As a personal trainer, I was able to complete this challenge relatively stress-free, but if you’re new to movement or returning to exercise after an injury, it’s worth checking out your form with a personal trainer. .
My Apple Watch is almost done in A&E
A regular dumbbell snatch won’t have this effect, however, the kettlebell snatch nearly broke my screen. Apple Watch 8. Lifting the kettlebell above my head, the rocking motion of the kettlebell on the back of my left hand meant that the 12kg kettlebell I was using pretty much hit my watch every time. Obviously to stop this I took off my watch, but since I’m pretty anal with my workout tracking, I can’t say I was too happy to have minutes of my workout go unrecognized.
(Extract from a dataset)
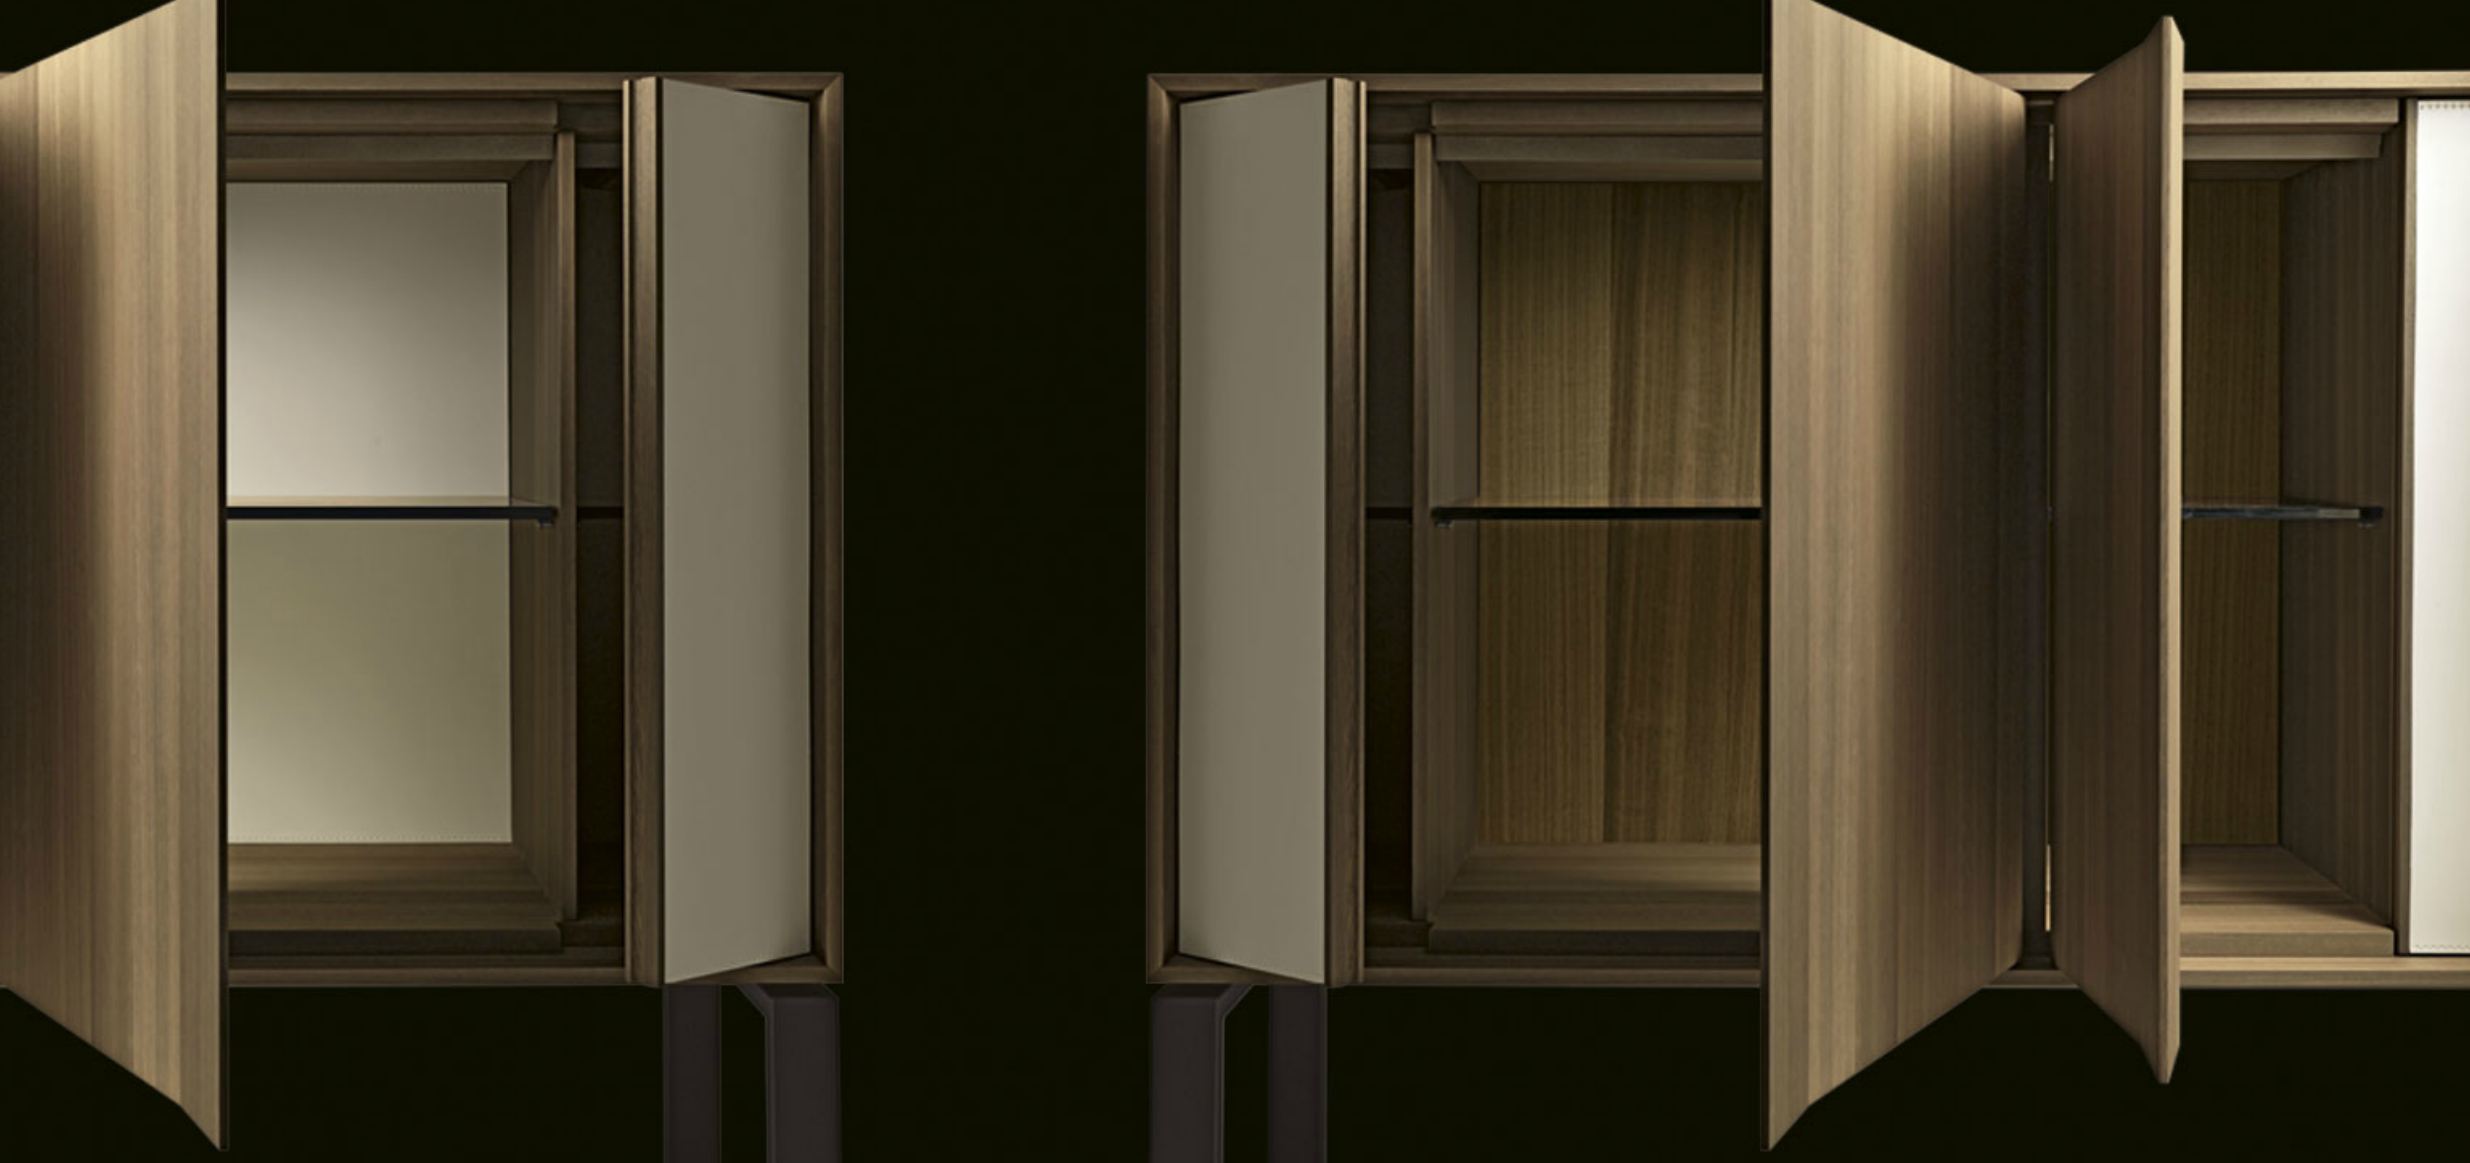 Барный шкаф в современной стиле Origami by Giorgetti

May I add that I am aware that this is a first world problem.
I was bruised
Besides nearly breaking my watch, the move I explained above also resulted in minor bruising on my forearm. It’s nothing serious, but I threw a few swear words around the gym.
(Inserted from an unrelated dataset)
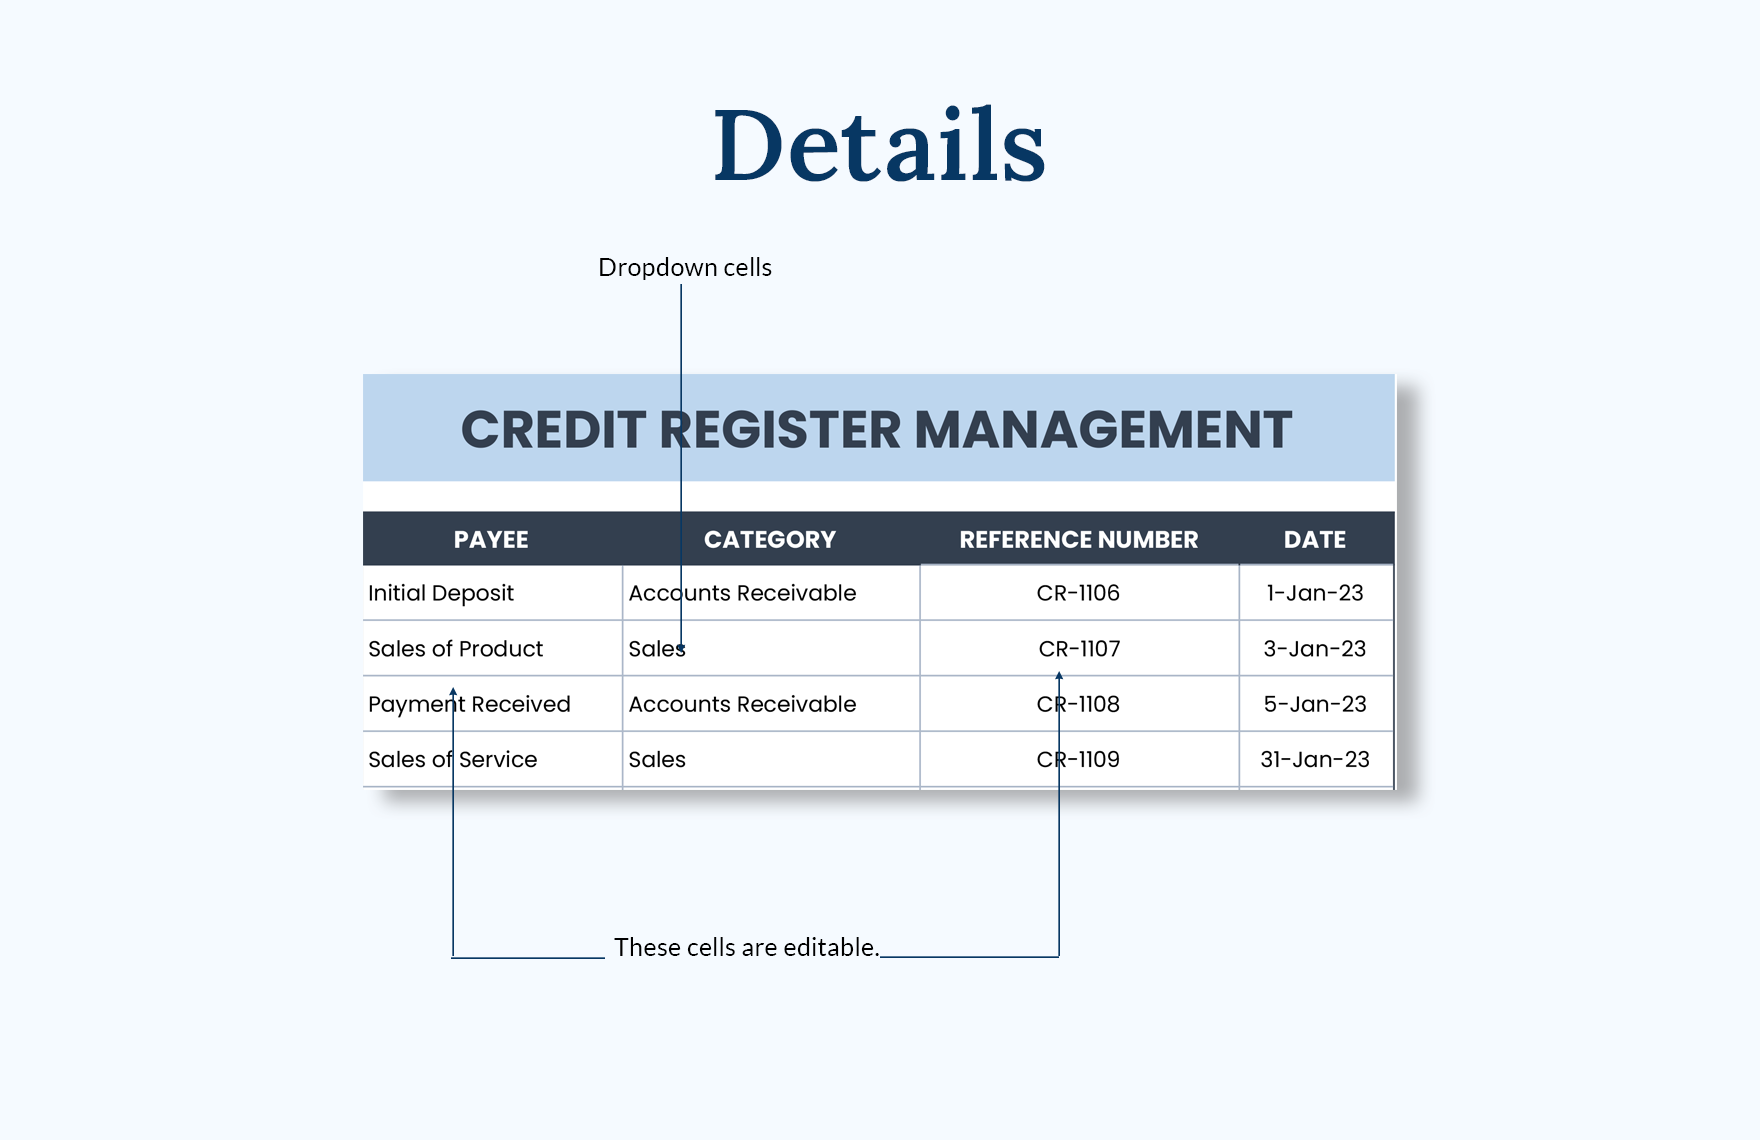 Credit Account Register Template

I highly recommend wearing sweatbands on your wrists when doing 100 kettlebell snatches every day for a week. This will help absorb some of the impact of the kettlebell. Unfortunately, I only thought about it after the seven days were up.
I was out of breath
Thanks to the constant movement of the kettlebell snatch and also the fact that it recruits so many muscles, it also makes it a very good cardio movement. After just 20 reps, I had to drop the kettlebell and take a quick breath! I love that the kettlebell snatch really is a great 2-in-1 move; working so many muscles and giving my heart and lungs a nice attack too!
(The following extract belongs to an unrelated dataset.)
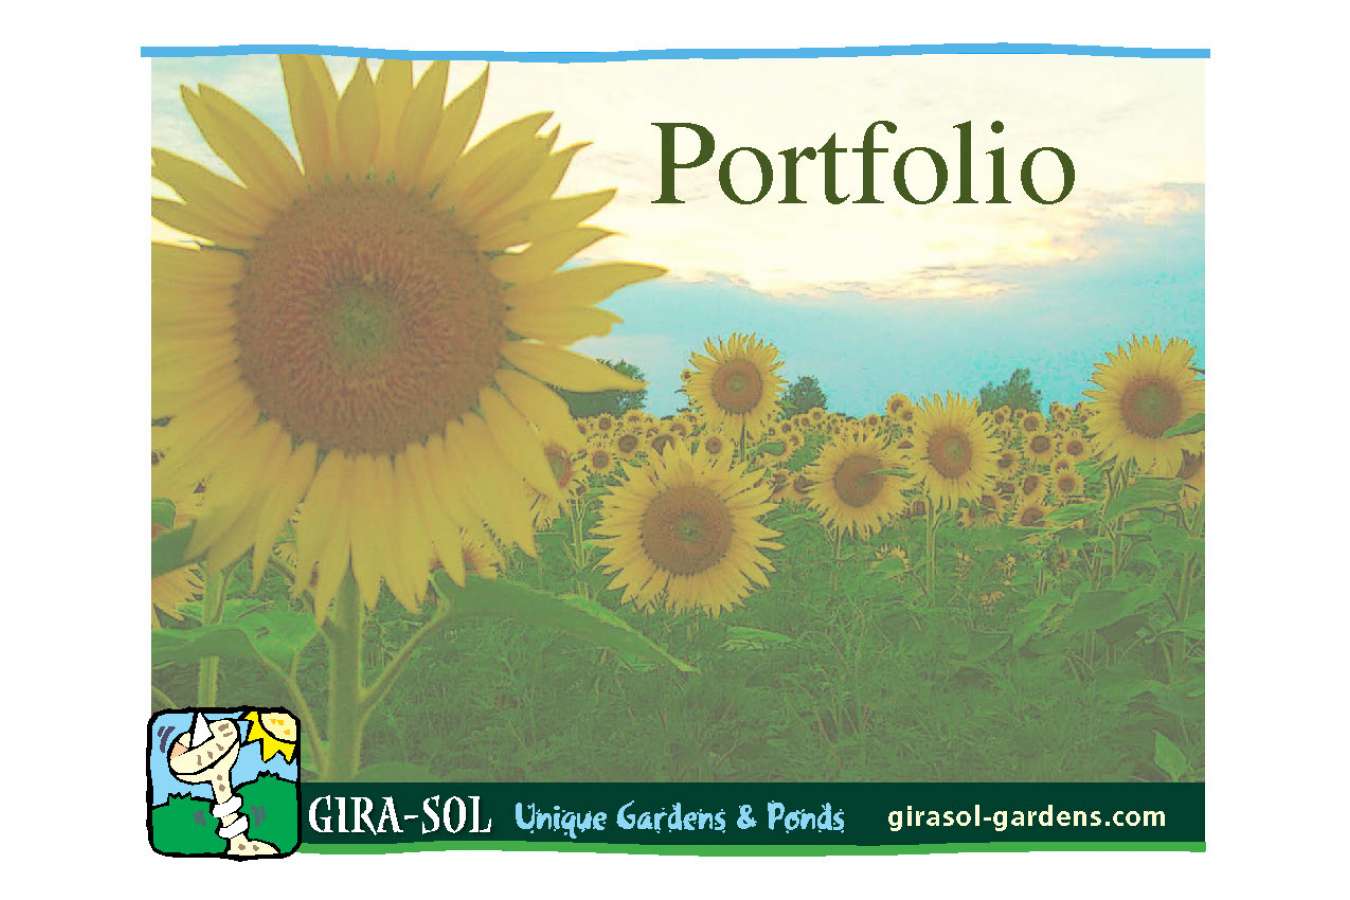 Girasol 8.5 x 11 book 16_Page_09 : Cover for Girasol portfolio flip book.

I did 100 kettlebell snippets a day for a week – my verdict
I love a snatch, so the move itself wasn’t new, but the number of reps certainly was. I felt it all over my body, and it really got my heart rate up, which is something I aim to do in all my workouts.
Other than the minor bruises and the near death incident of the Apple Watch, everything went well with this challenge and I loved the feeling of getting fitter and stronger. Will I incorporate more kettlebell snippets into my diet? Yes I love them!
Next: Find out what happened when this fitness writer did bicep curls every day for a week.